» **Task to carry out**
Below are records with pictures in them. Transcribe everything from the line containing "Drinks Well With" down to the line containing "The Spar cat", exactly, and leave the pictures behind.

» **Entries provided**
--*--

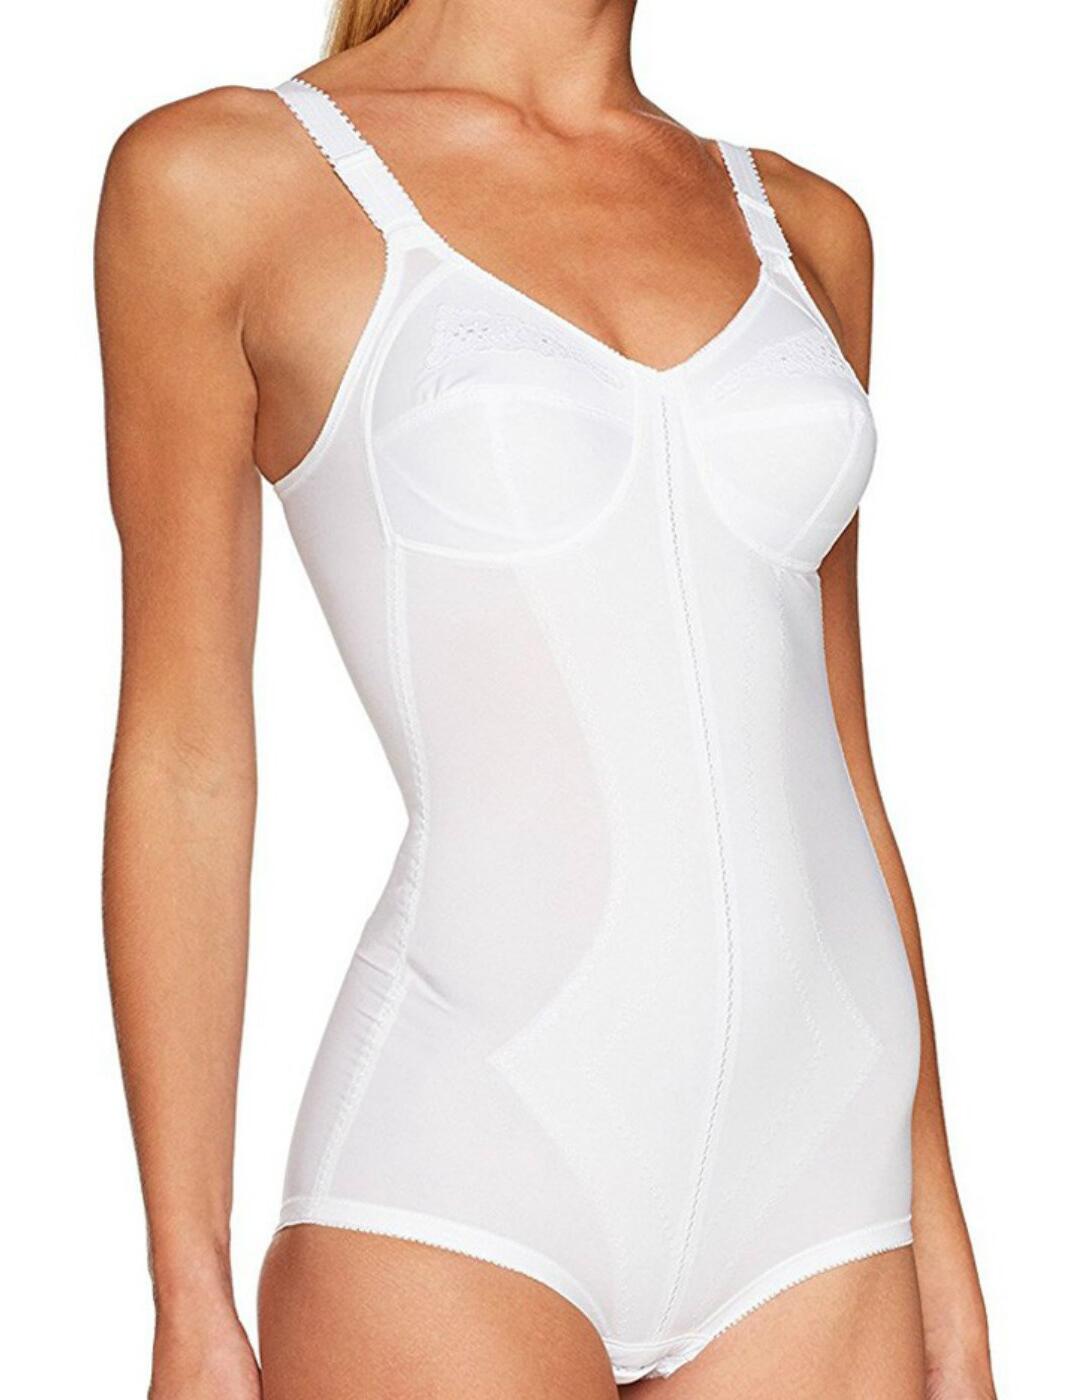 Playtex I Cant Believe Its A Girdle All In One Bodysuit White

--*--

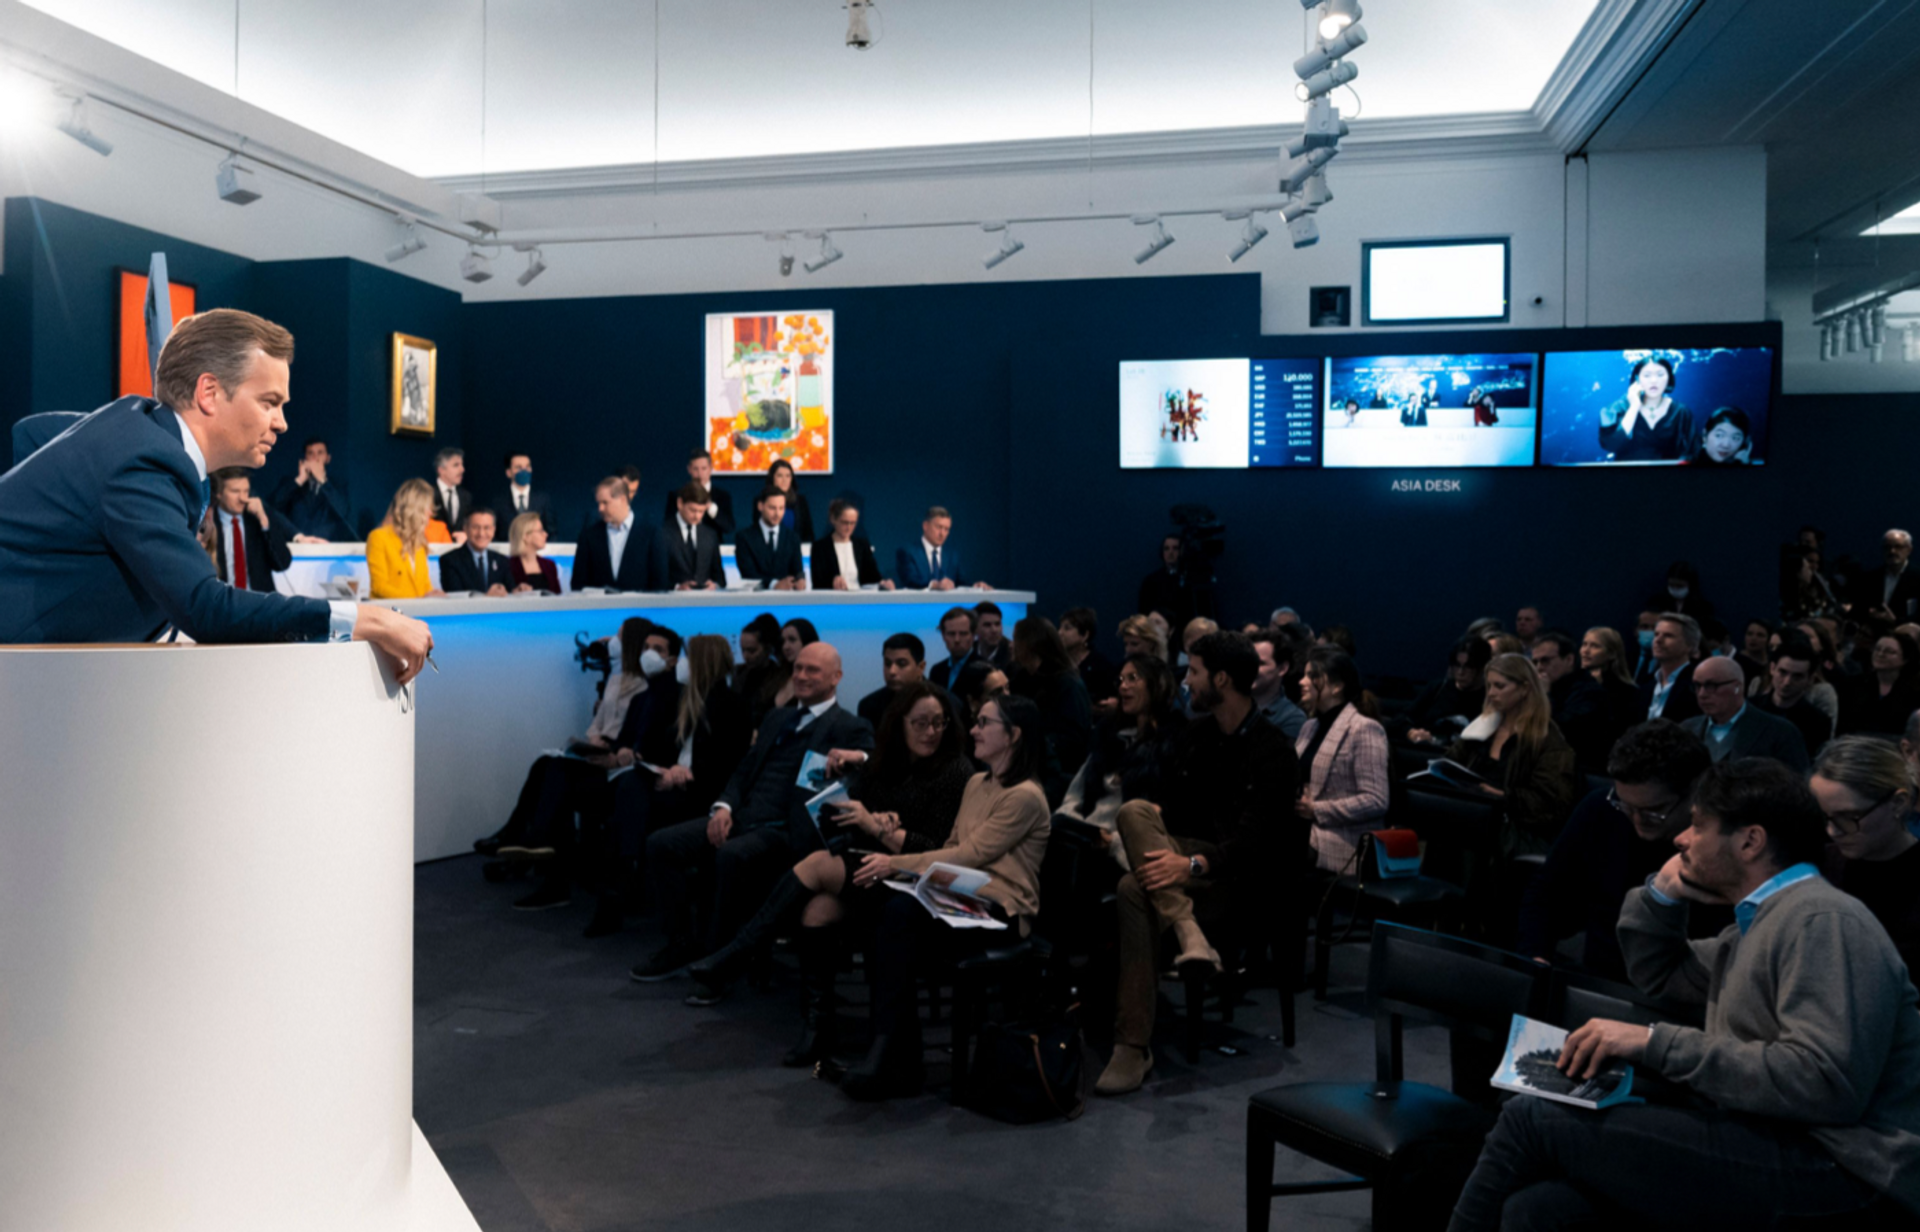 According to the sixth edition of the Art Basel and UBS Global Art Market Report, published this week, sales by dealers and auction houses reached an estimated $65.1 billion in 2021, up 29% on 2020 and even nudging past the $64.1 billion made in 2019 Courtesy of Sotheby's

--*--

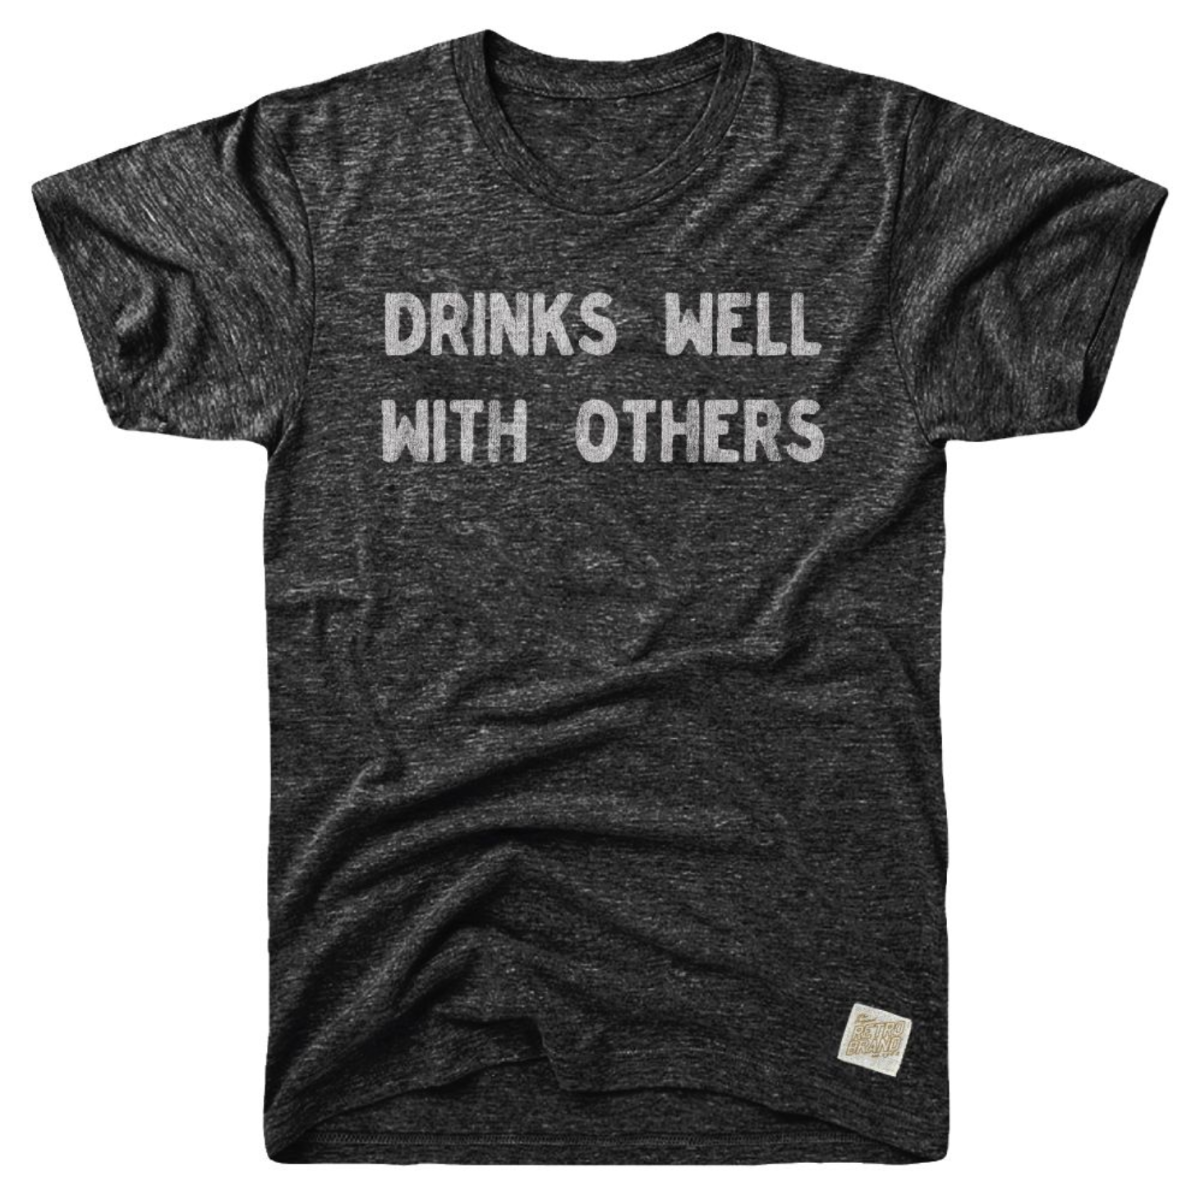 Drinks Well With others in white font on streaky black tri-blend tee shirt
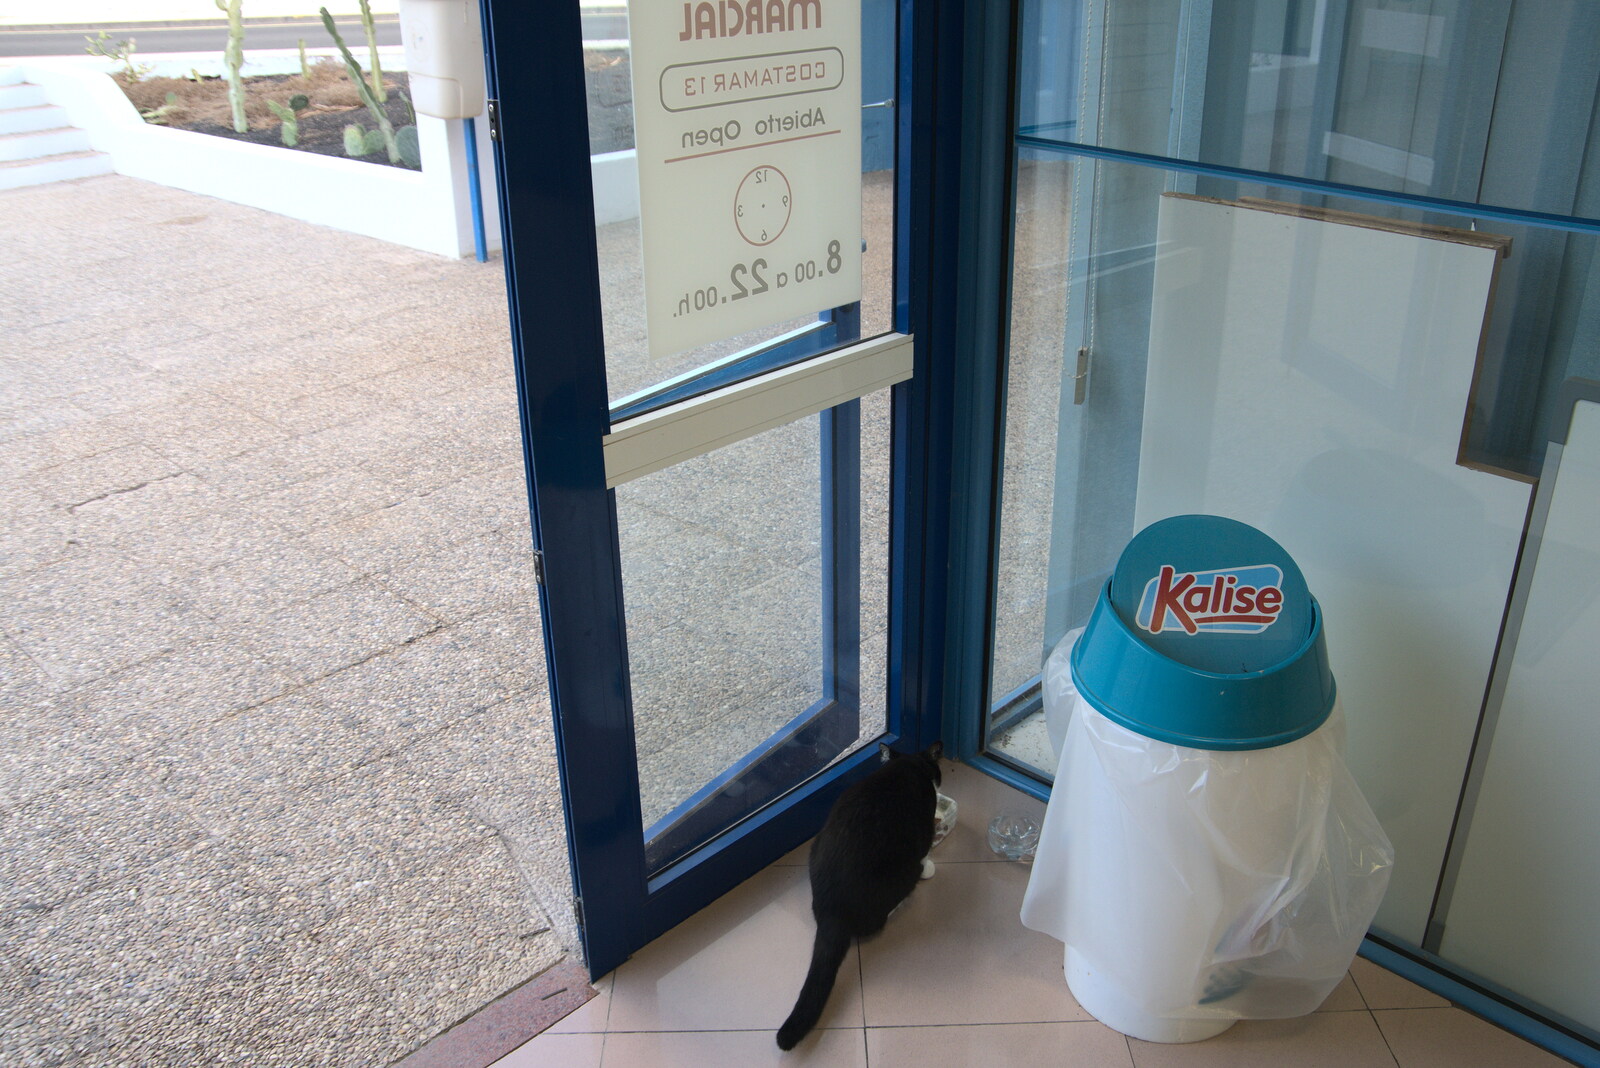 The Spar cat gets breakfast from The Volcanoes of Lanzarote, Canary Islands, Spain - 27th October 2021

--*--

» **Your response**
 Drinks Well With others in white font on streaky black tri-blend tee shirt
 The Spar cat gets breakfast from The Volcanoes of Lanzarote, Canary Islands, Spain - 27th October 2021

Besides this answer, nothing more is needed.